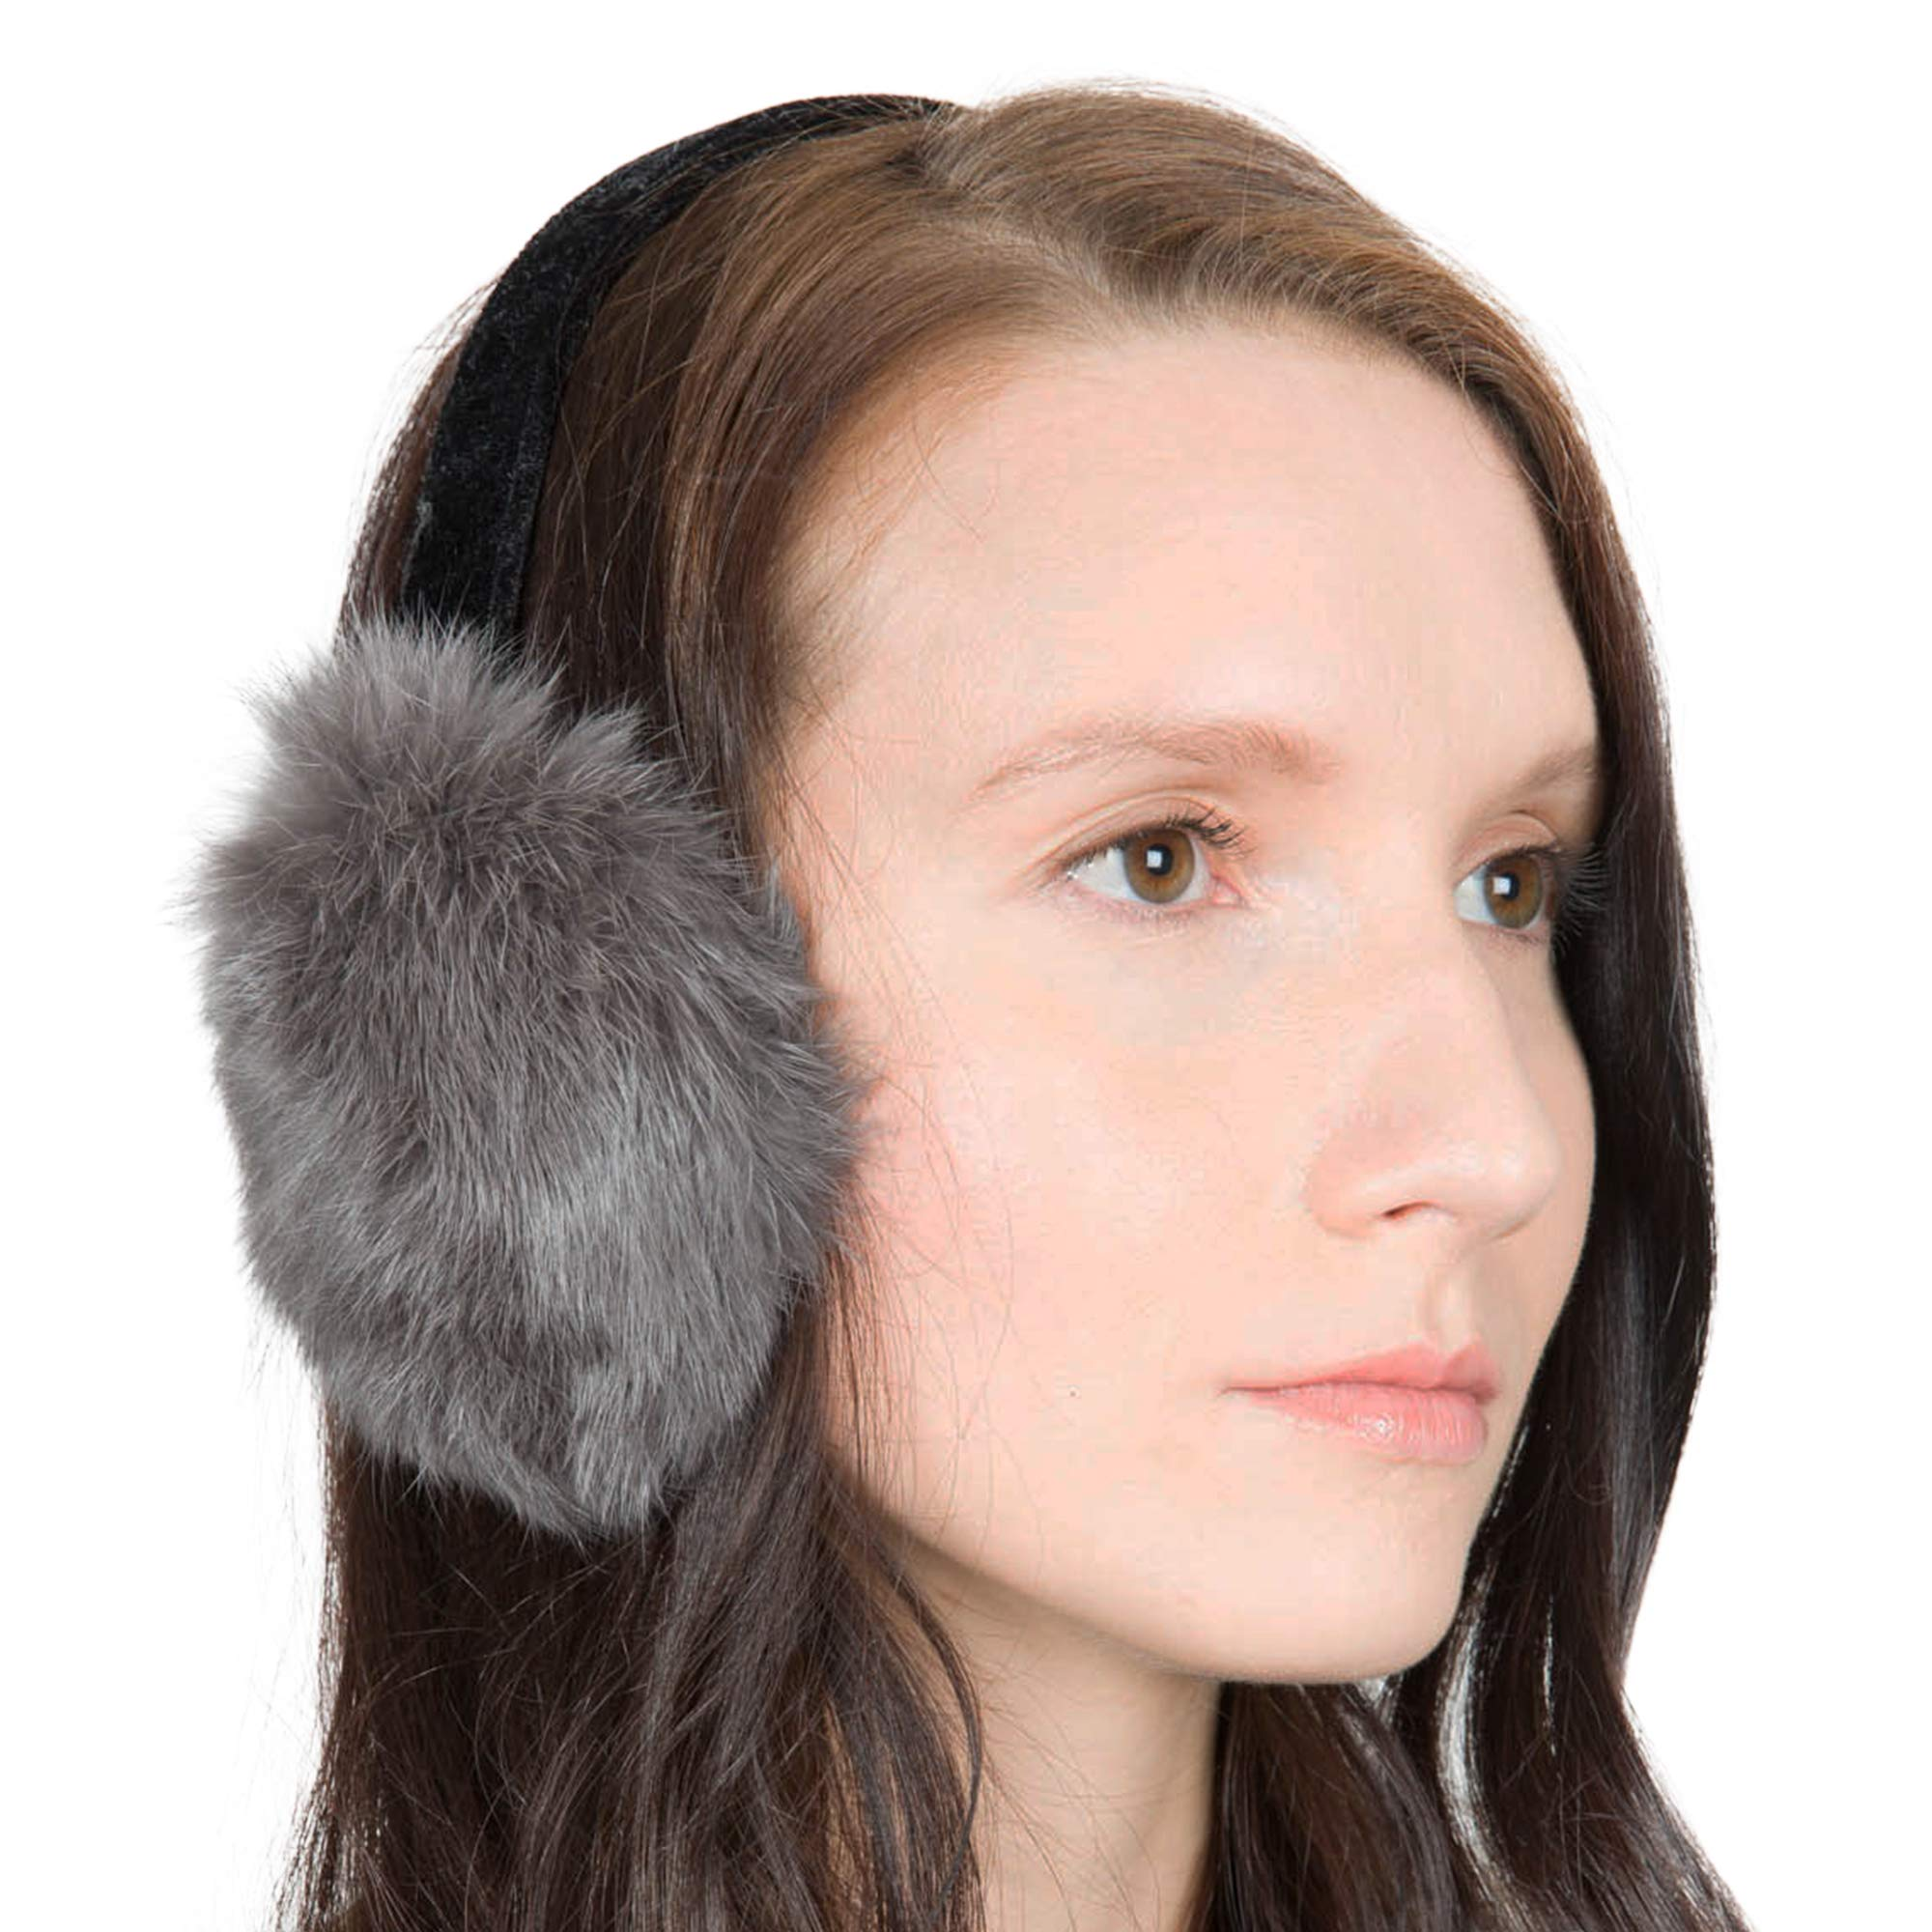 OBURLA Fur Earmuffs | Luxurious Real Fur Over Ear Warmers with Headband (Rabbit Fur, Gray)
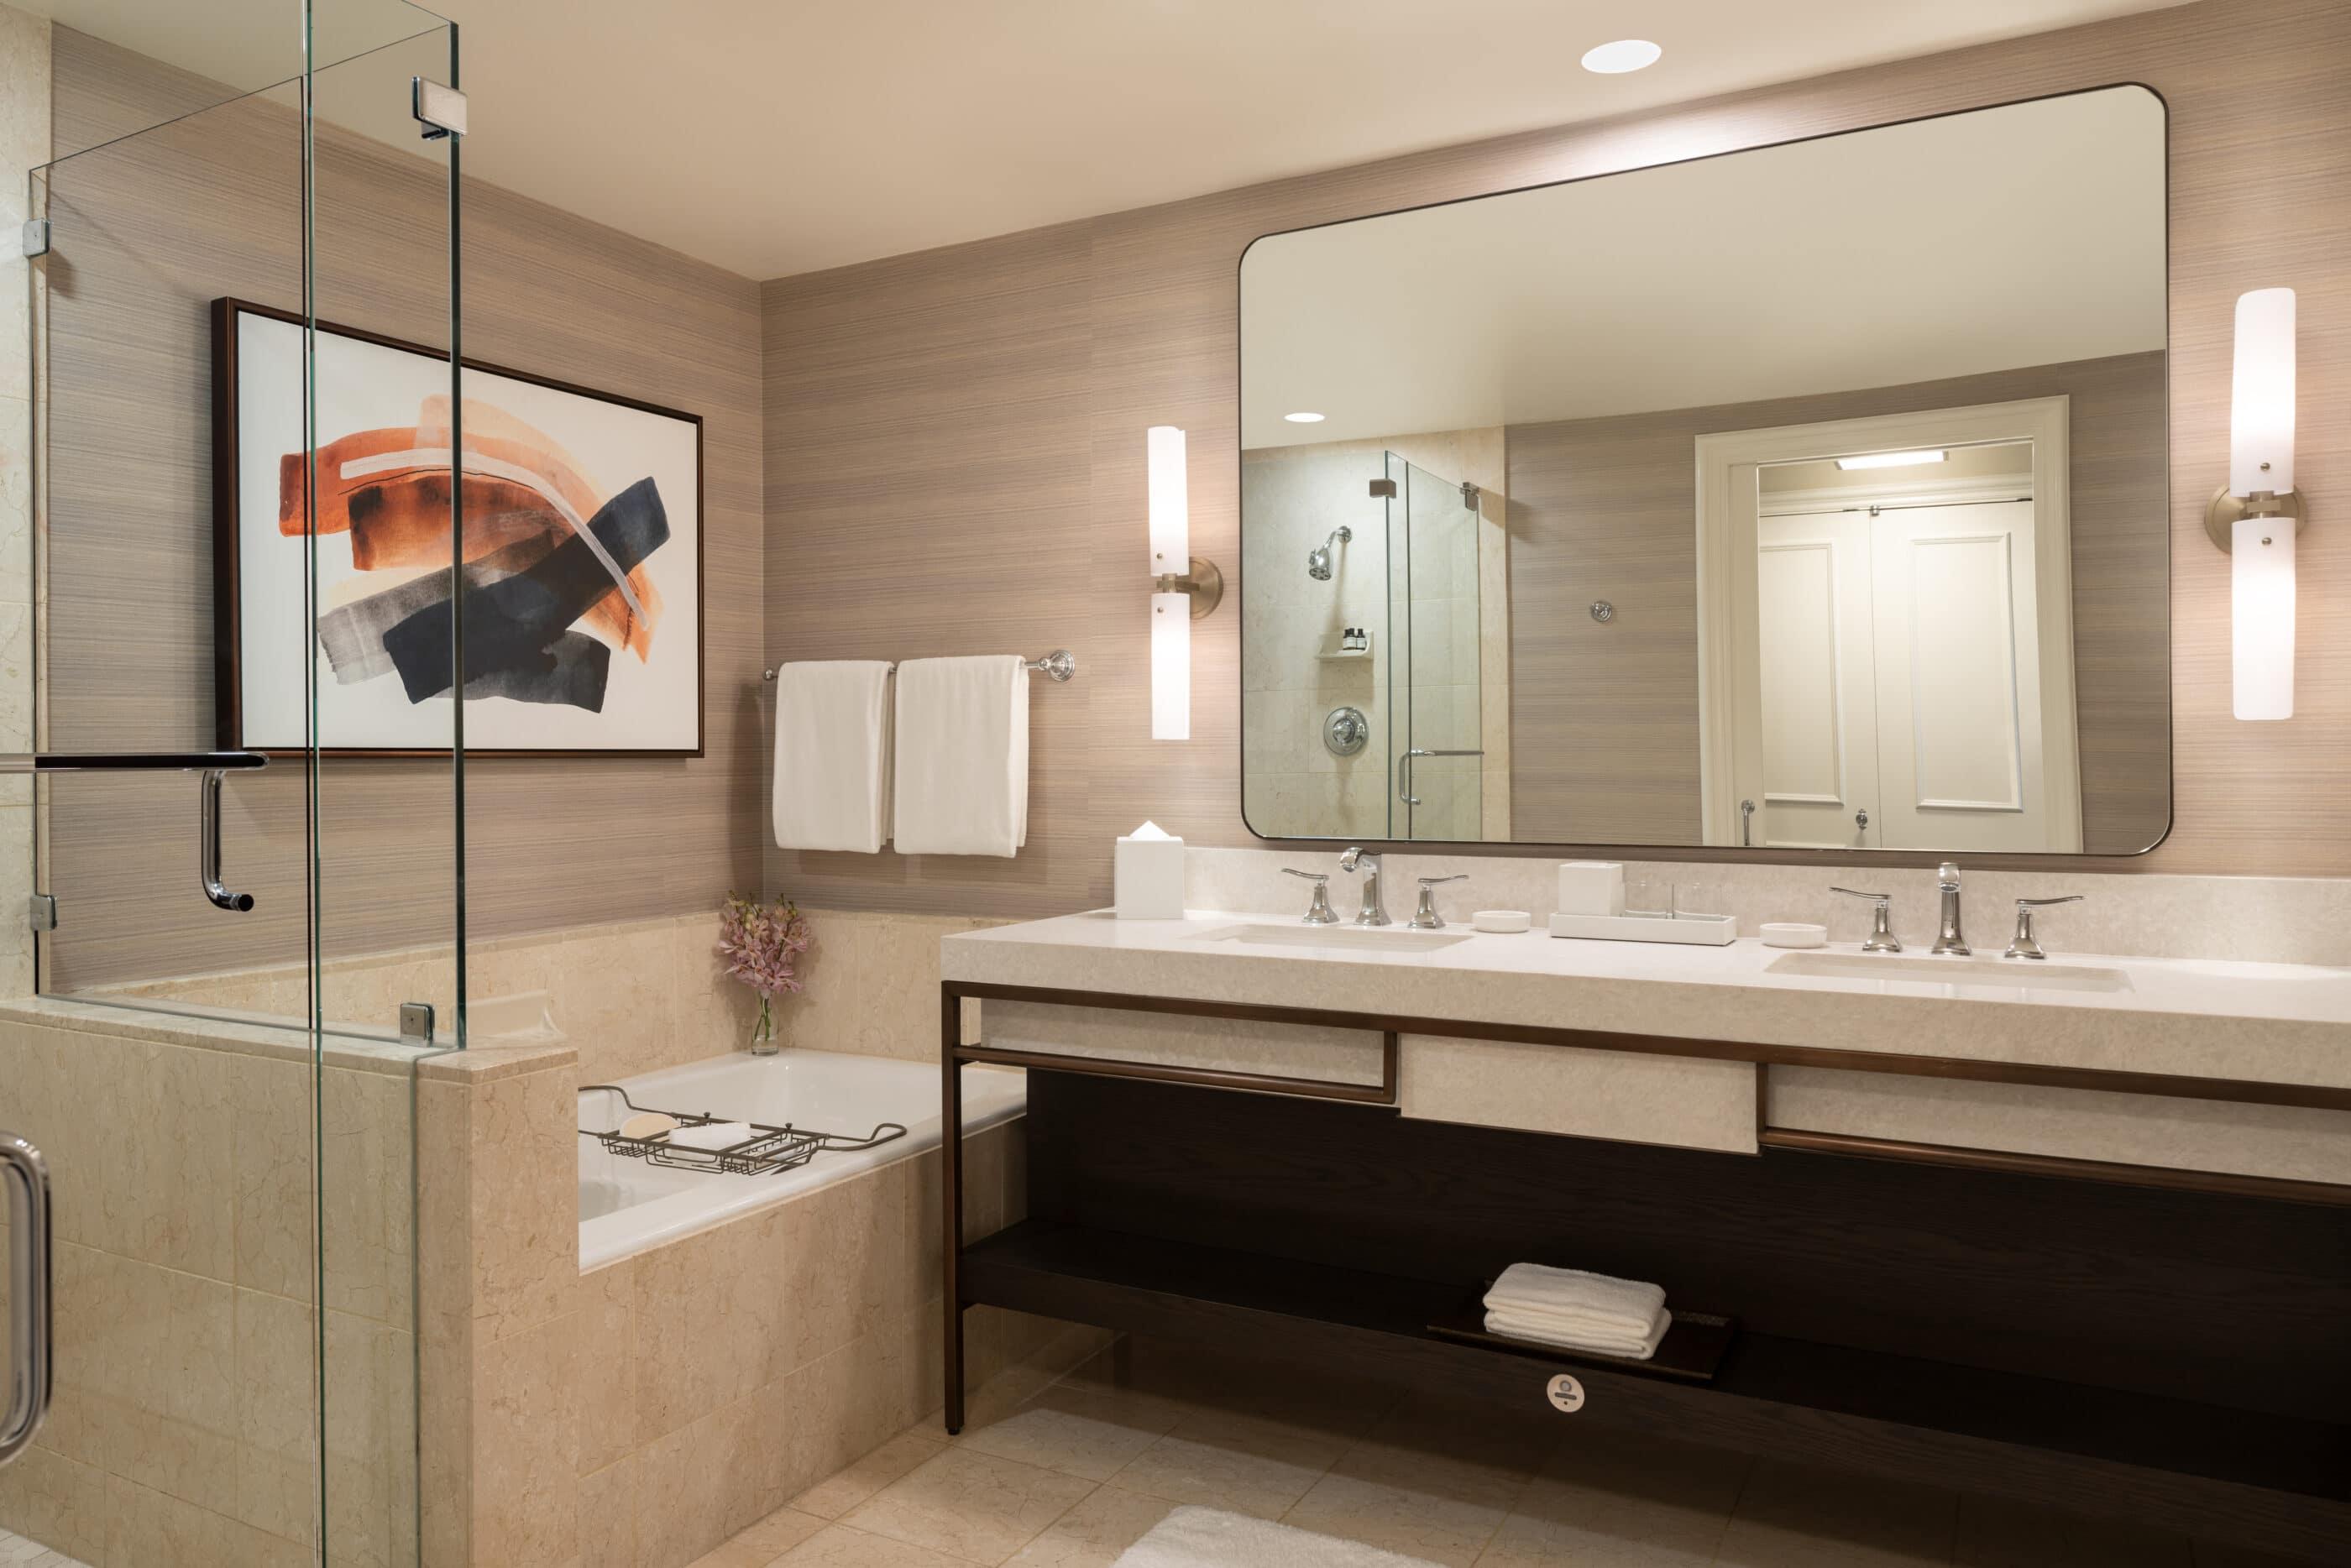 A marble bathroom in a guest room at Park Hyatt Aviara in San Diego
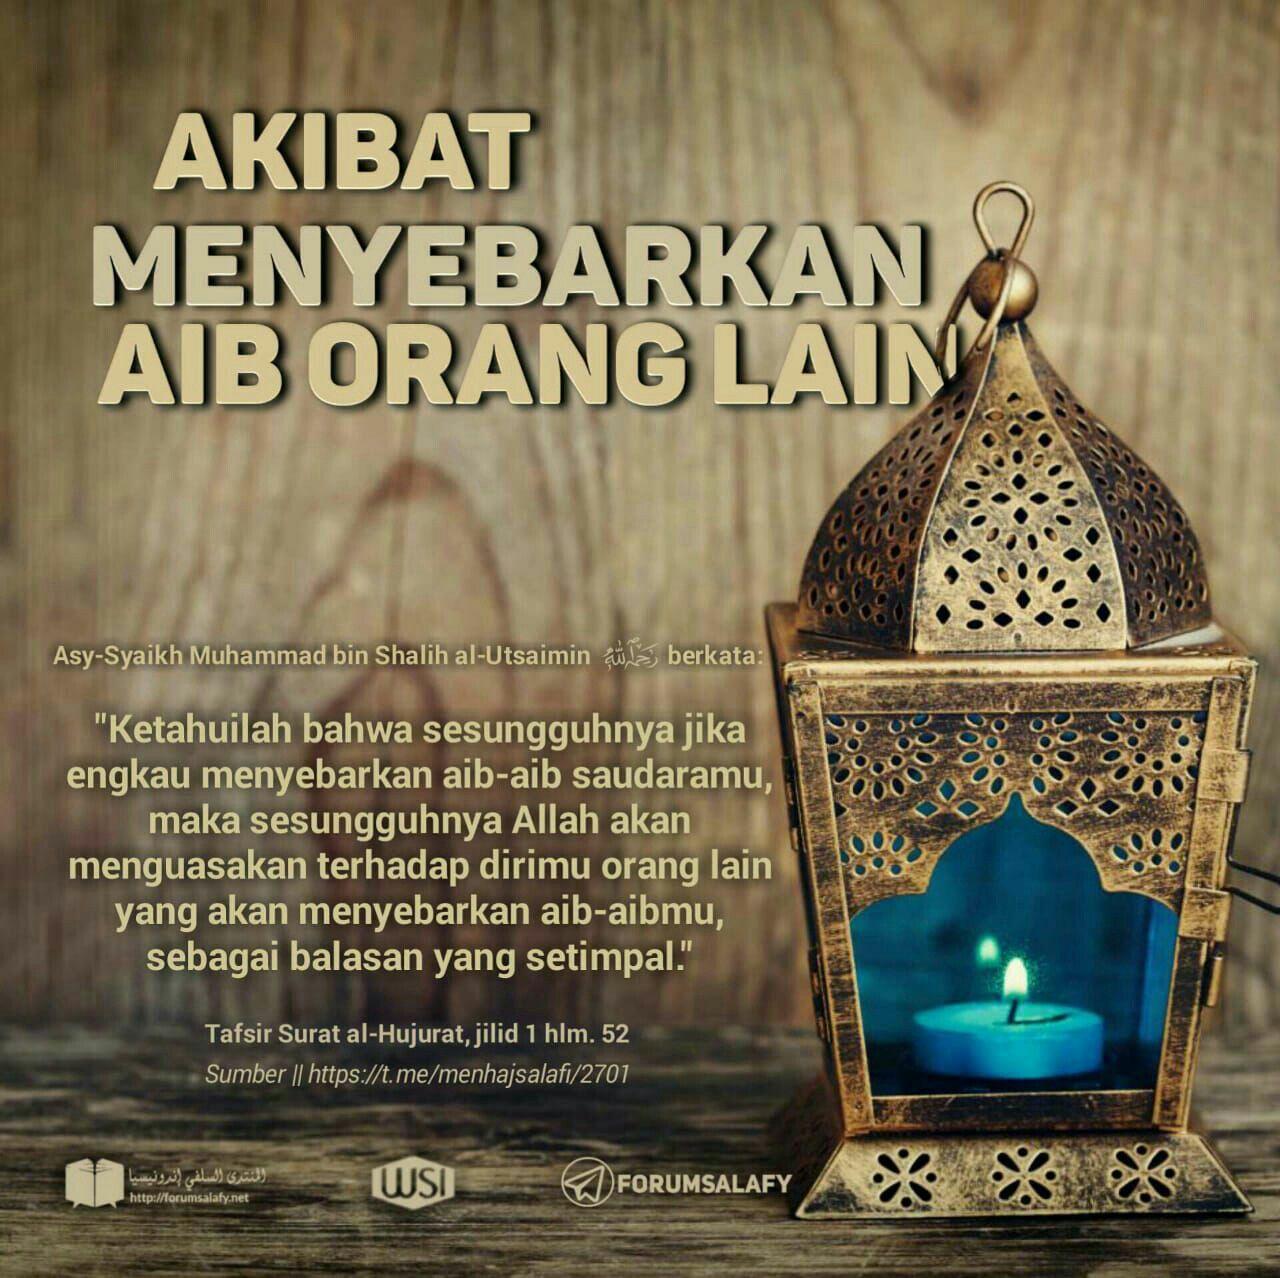 Akibat Menyebarkan Aib Orang Kutipan Agama Kekuatan Doa

» **WHAT YOU WILL DO**
Exactly as given, set down each line of the material, but include no pictures.

» **RESULT OF THIS EXERCISE**
 OBURLA Fur Earmuffs | Luxurious Real Fur Over Ear Warmers with Headband (Rabbit Fur, Gray)
 A marble bathroom in a guest room at Park Hyatt Aviara in San Diego
 Akibat Menyebarkan Aib Orang Kutipan Agama Kekuatan Doa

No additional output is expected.